━━ DATASET CONTENT

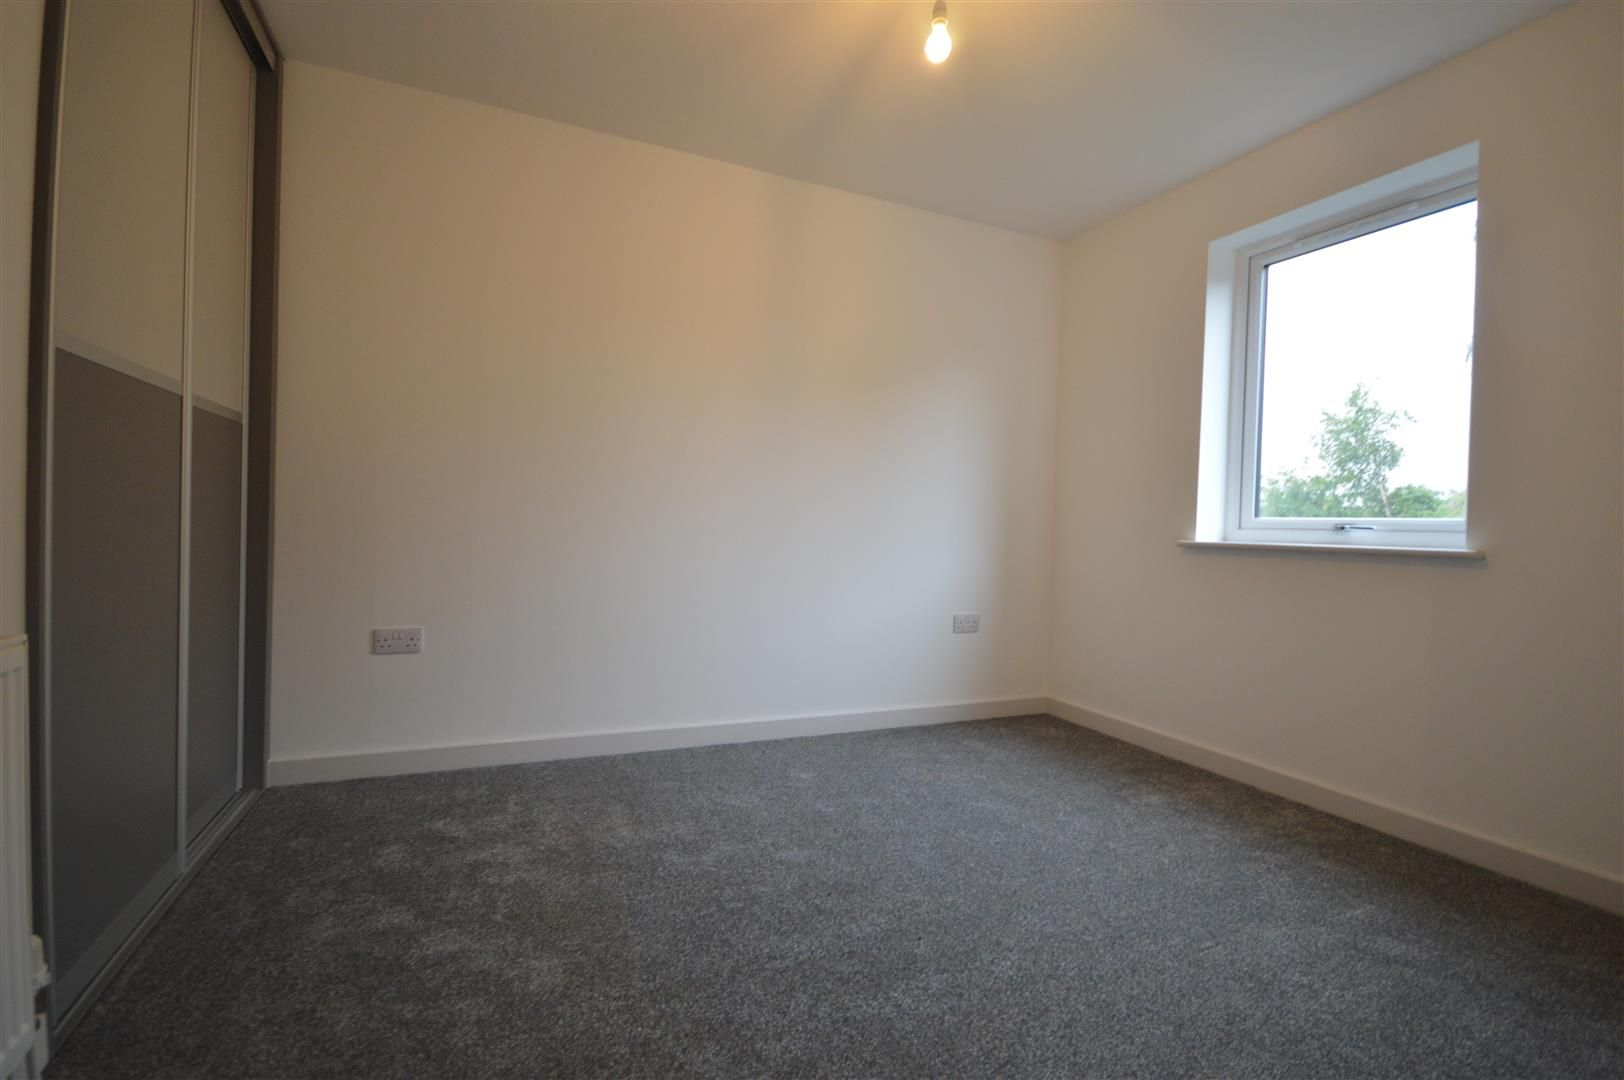 2 bed detached for sale in Leominster  - Property Image 9
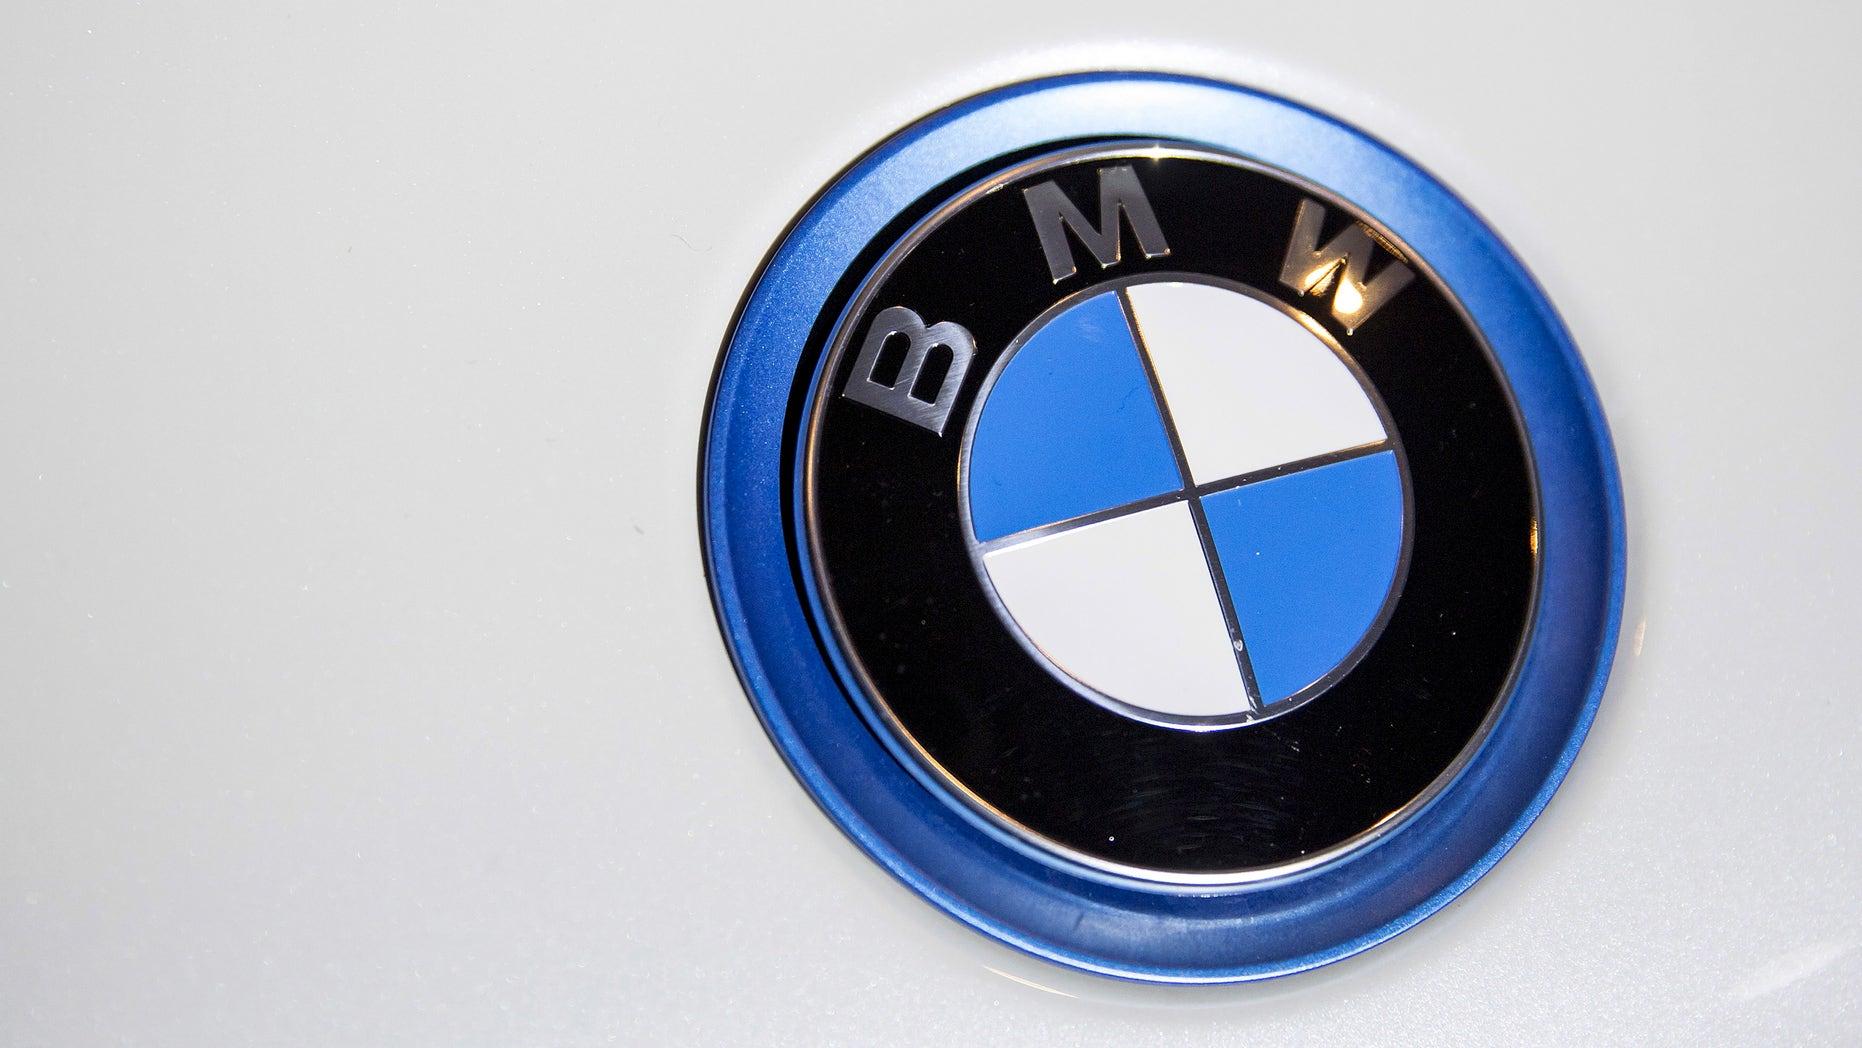 Bmw Recalls Baby Racer Toy Car Over Health Hazard Fox News
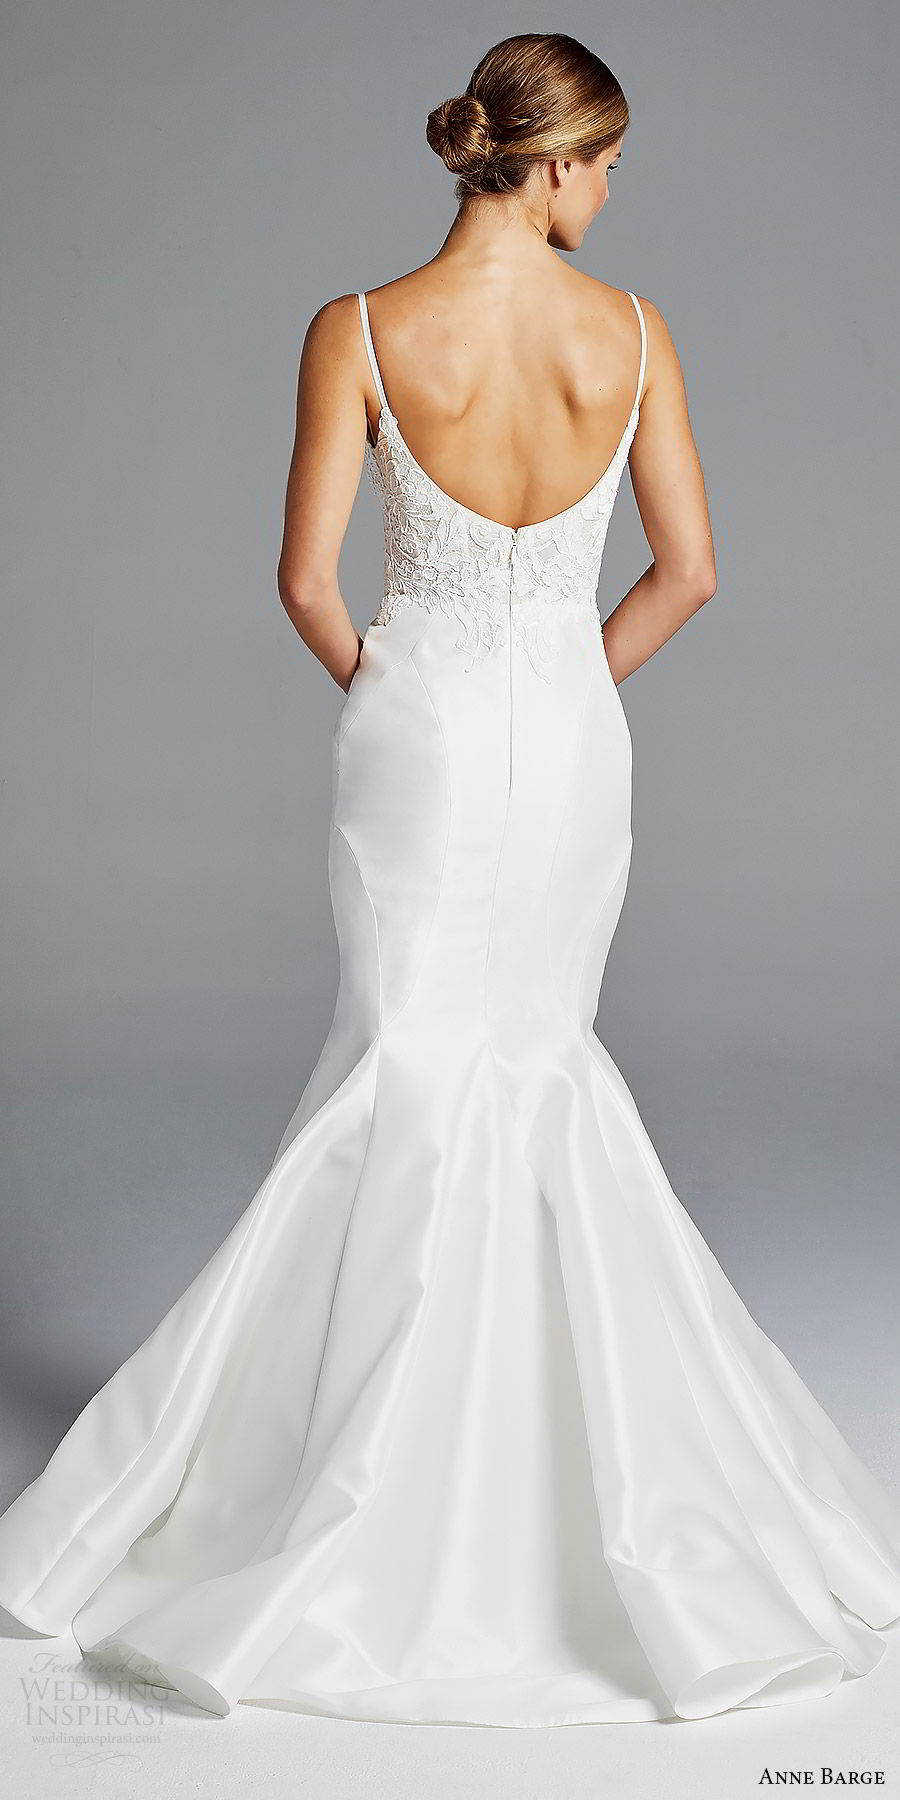 anne barge bridal spring 2019 sleeveless straps sweetheart lace bodice mermaid wedding dress (iman) bv scoop back modern elegant
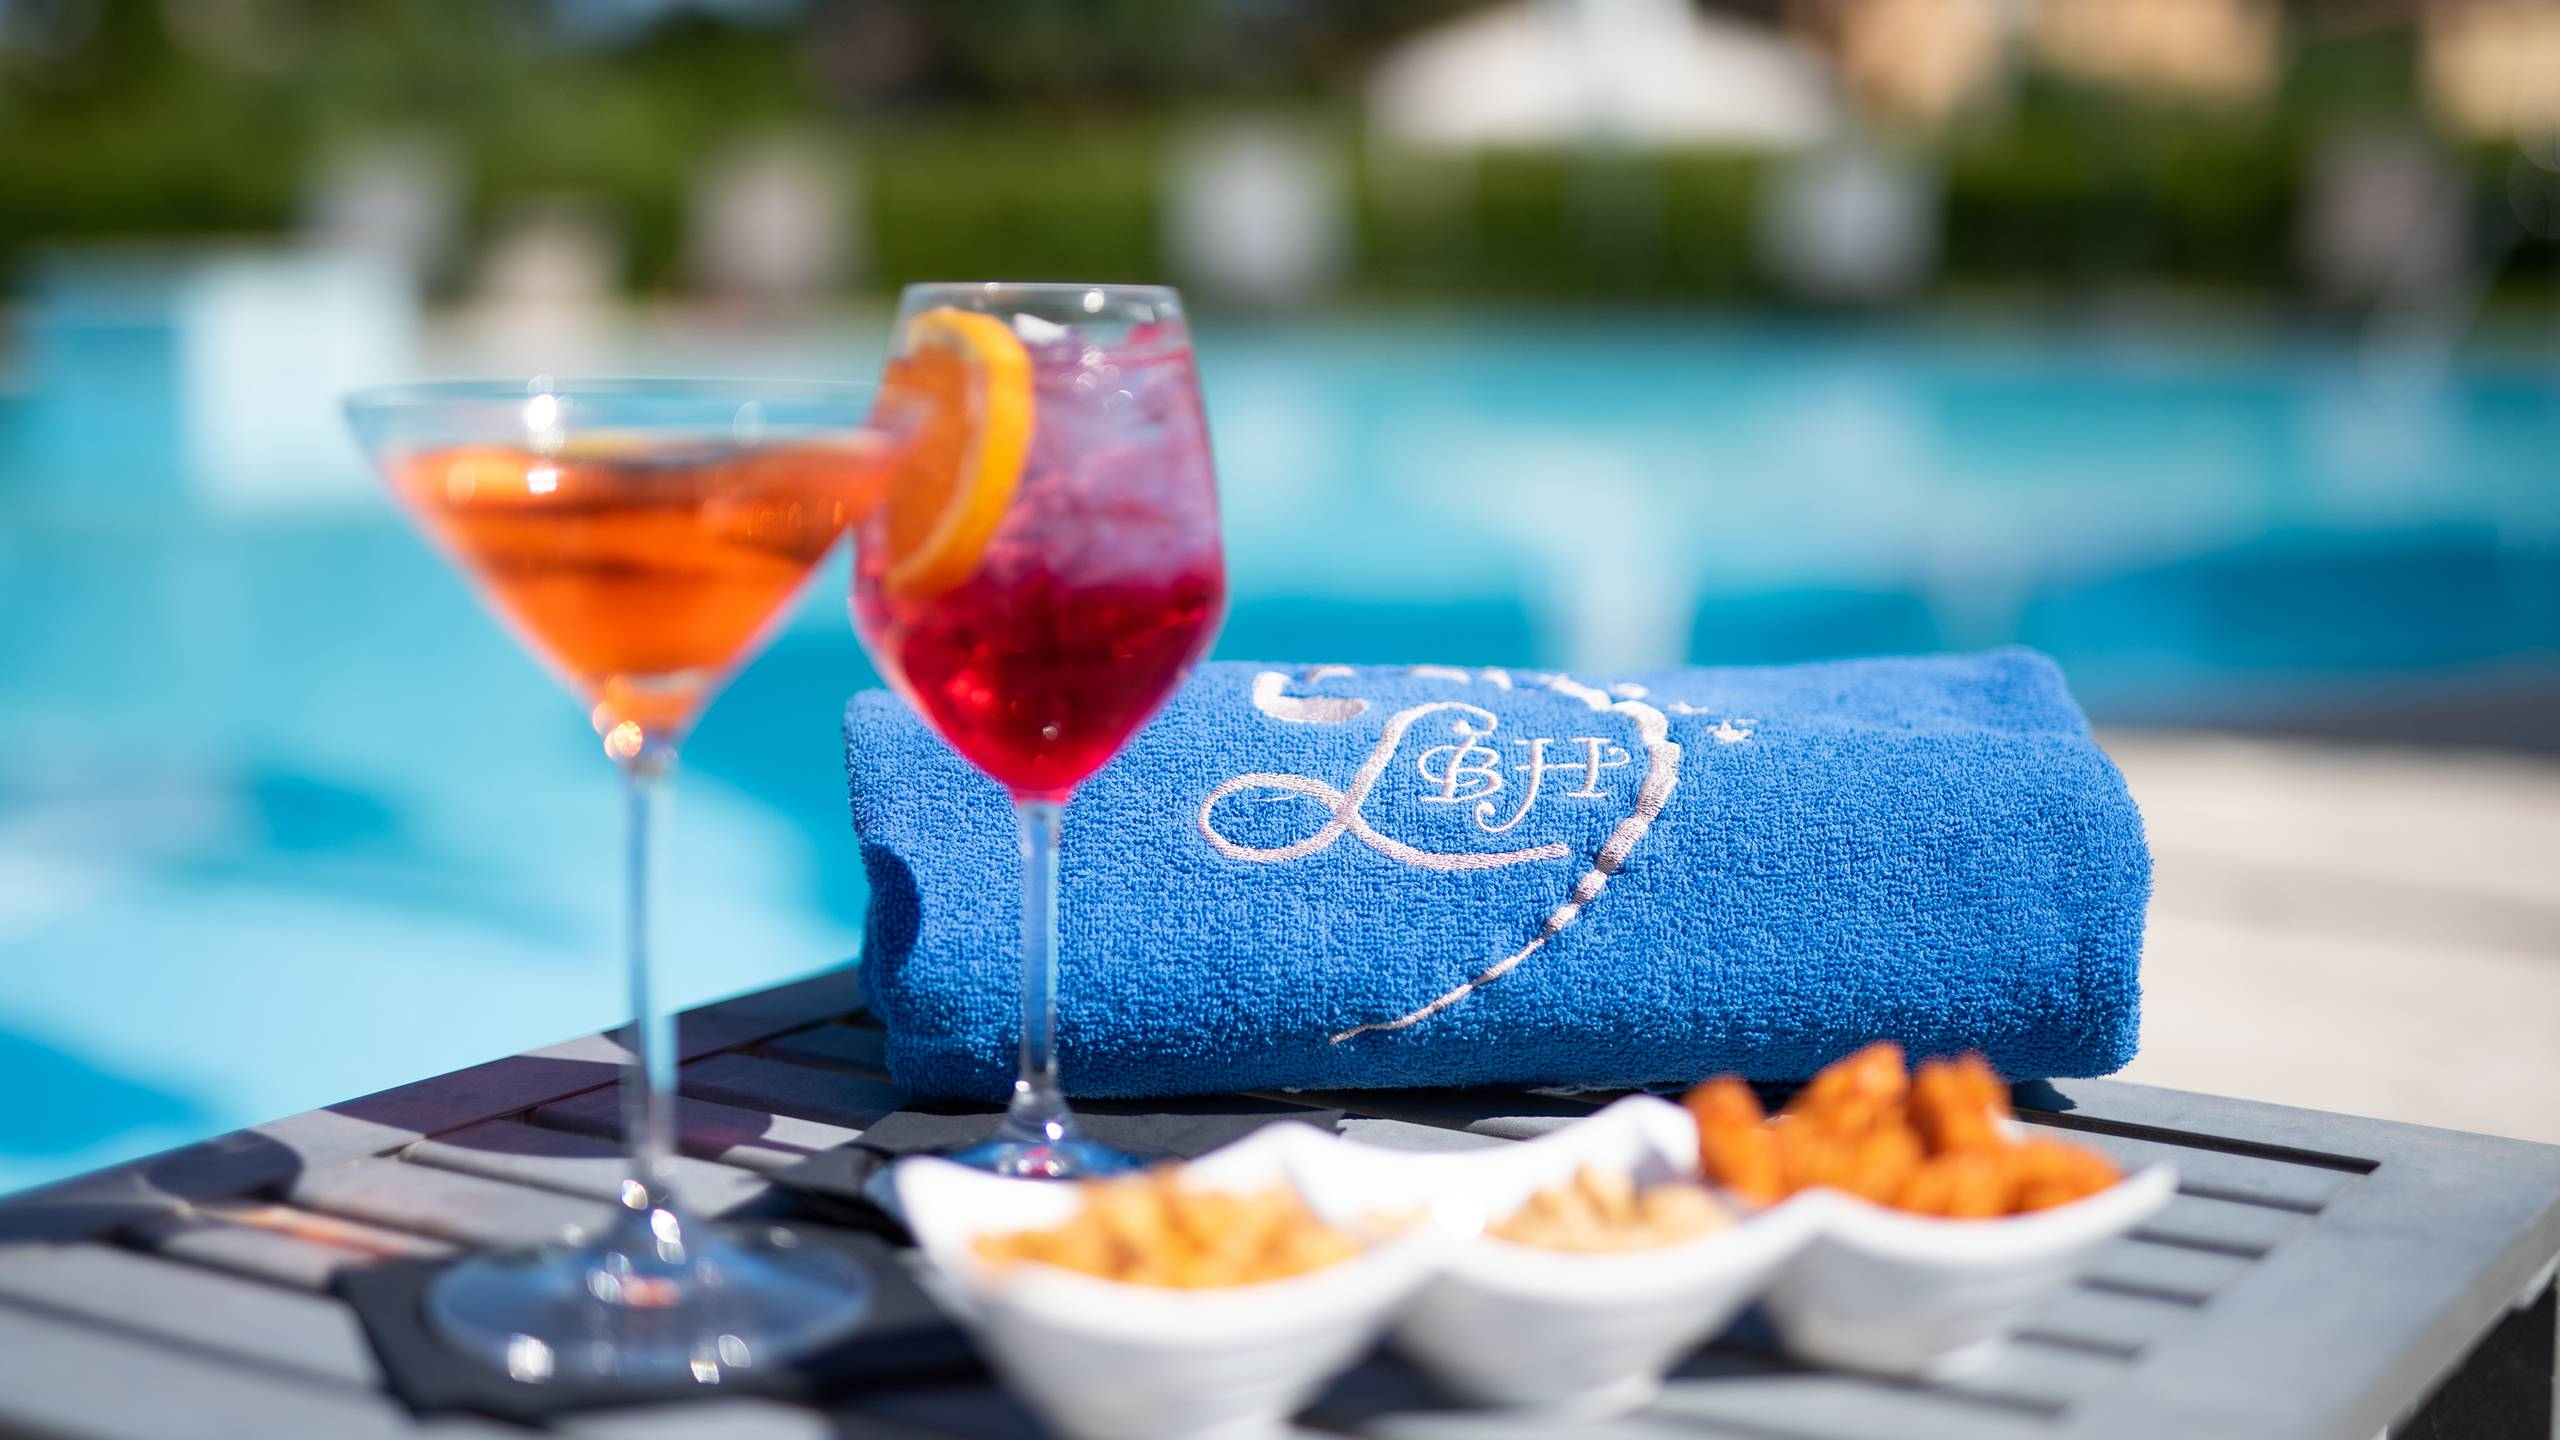 Ludwig-Boutique-Hotel-Bolsena-Details-Schwimmbad-Aperitif-CRI4656

━━━━

INSTRUCTIONS TO FOLLOW:
Restate every line of the data above word for word, with the images removed.

EXPECTED OUTPUT:
 2 bed detached for sale in Leominster  - Property Image 9
 Bmw Recalls Baby Racer Toy Car Over Health Hazard Fox News
 anne barge bridal spring 2019 sleeveless straps sweetheart lace bodice mermaid wedding dress (iman) bv scoop back modern elegant
 Ludwig-Boutique-Hotel-Bolsena-Details-Schwimmbad-Aperitif-CRI4656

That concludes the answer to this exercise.